Страница 22 из 24
Головой покачала Манефа: и впрямь чудно… Инако учили «голубей» рукописные книги праведных старцев, инако и сами «люди Божьи» полагали праведную жизнь во спасенье.
Покачала головой Манефа, да на другую путь-дороженьку взглянула… На ту, что по-ряду с первой бежала… А как взглянула, да так и ахнула, так и заклекнулась: «О, Господи, Твоя сила!».
Видит, стоит он, Илья покойный… Как обряжали во гроб: в посконной поддевке, руки на груди крестом… Стоит, молчит, а в глазах… До самой смерти не забыть Манефе того взгляда… Умрет, с собой в землю унесет она сыновний попрек…
А голос Иоанна-Воина так и рокочет:
«Притчу-то о званых на Вечерю забыли?.. Побрезговали зовом Царя Небесного?.. Мамоной ослепились? А того не ведали, что через войну, да через страданья и слезы, как через пиршественную храмину, Господь вас к спасенью звал…
Не откликнулся кто, — сам себе затворил двери к вечной радости… И сядут на почетных местах — те убогонькие, с посошками да костылями. Сядет рать воинская…»
Открыла глаза, села на постель Манефа, — вся в холодном поту от виденья…
«Погубила… погубила, окаянная, свое детище… Своими руками двери к радости затворила», — лепетала она, щелкая зубами. Вдруг, словно кольнуло что «большуху», ажно вся выпрямилась… А это звон через ставню прокрался, к полуночнице «голубей» кликая.
Вспомнила, будто кто по голове ударил: сегодня за полуночницей положено Михайле «большую печать» совершить…
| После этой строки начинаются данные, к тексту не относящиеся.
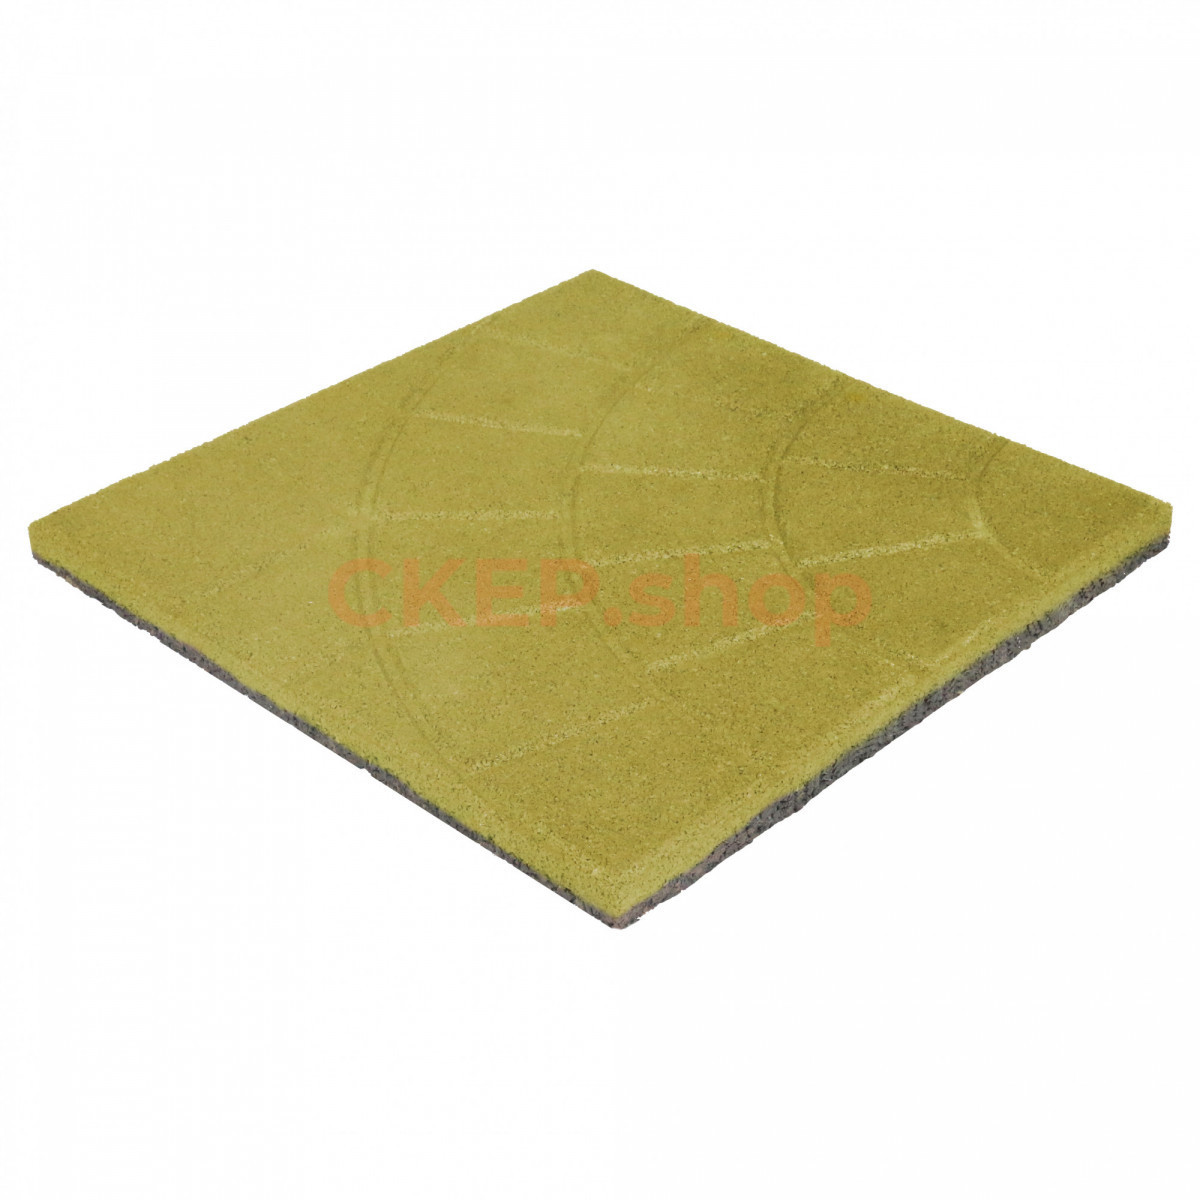 Резиновая плитка 350х350х30, паутинка, желтая

Заслышала тот звон, не встала и не сотворила Манефа «хреста» — как чином полагалось… Впервой за все 20 лет не протянулись руки к лестовке… Как была в белого точива рубахе до пят, да так и подобралась к углу, где морщинистый от трещин лик Аввакума-отца висел… Вплотную подступила к лику «большуха», не мигаючи, строгими глазами уставилась; ни дать, ни взять, — Судья Праведная.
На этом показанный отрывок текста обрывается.